Março Amarelo. Mês Mundial da Conscientização da Endometriose
Hoje, dia 30 de março, acontecerá em todo mundo a EndoMarcha em prol da conscientização da Endometriose. E claro, que nós não poderíamos silenciar neste mês tão importante. Por isso falaremos hoje sobre essa doença que muitas vezes é incapacitante, trazendo além dos seus aspectos jurídicos, uma entrevista com o cirurgião ginecológico, Dr. Mauro Aguiar, e o relato incrível de uma ex-tentante para que você possa se inspirar e jamais desistir de seus sonhos.
A endometriose é uma doença que afeta milhares de mulheres, diagnosticada em idade reprodutiva, como é uma doença pouco conhecida em sua etiologia e etiopatogenia não existe ainda tratamentos definitivos, apesar de existir chances de cura quando diagnosticada cedo. Além das dores insuportáveis que muitas mulheres sentem como principal sintoma, a infertilidade toma conta da dor psíquica. E para muitas mulheres com endometriose, a única alternativa para alcançar o sonho da maternidade é através da RMA (reprodução medicamente assistida), e então, a partir deste momento se inicia uma verdadeira saga.

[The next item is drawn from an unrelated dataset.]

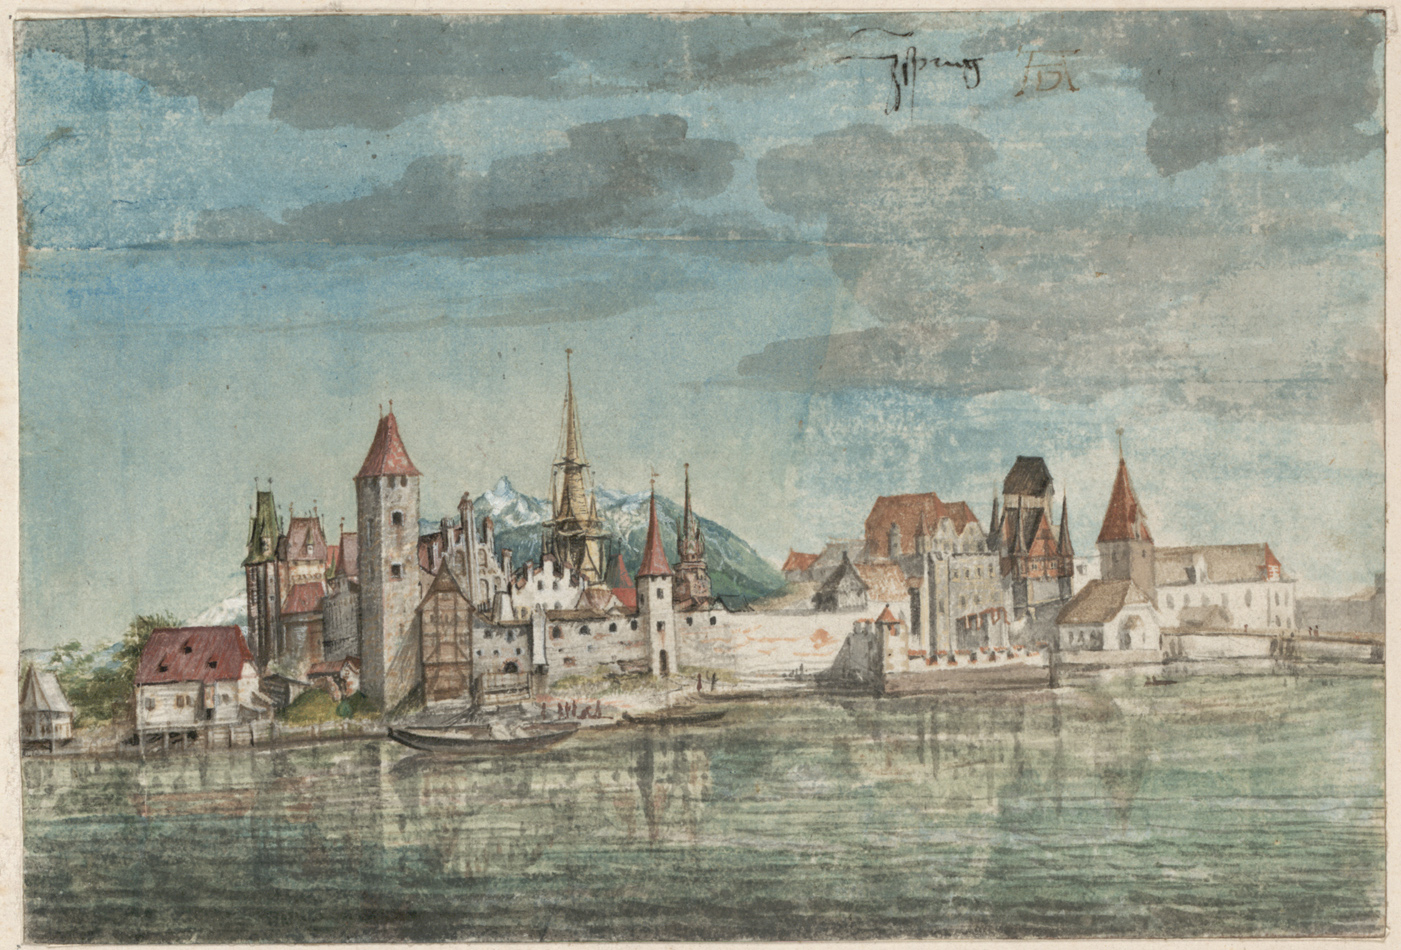 Albrecht Dürer - Innsbruck von Norden: Die Altstadt mit Dom und Stadtturm von 1495, Quelle: Wikipedia Dürer

A Infertilidade é uma realidade que está presente na História da Humanidade desde sempre. Em um passado próximo os casais inférteis estavam condenados a não terem filhos geneticamente ligados um ao outro. Somente há poucas décadas atrás que a reprodução de filhos geneticamente ligados aos pais se tornou possível para estes casais.
O núcleo familiar é objeto de muita proteção no Brasil, dentre os cuidados que se deve ter com a família está o planejamento familiar, que é o controle que as pessoas devem ter sobre a sua fecundidade e saúde reprodutiva. Já o planejamento familiar é um conjunto de ações que auxiliam homens e mulheres a planejarem a chegada de um filho ou prevenir uma gravidez, todo esse planejamento é coberto pela Lei n.º 9.263/96. Assim toda mulher que, por ter endometriose é infértil, deve procurar essas técnicas para reprodução de sua prole.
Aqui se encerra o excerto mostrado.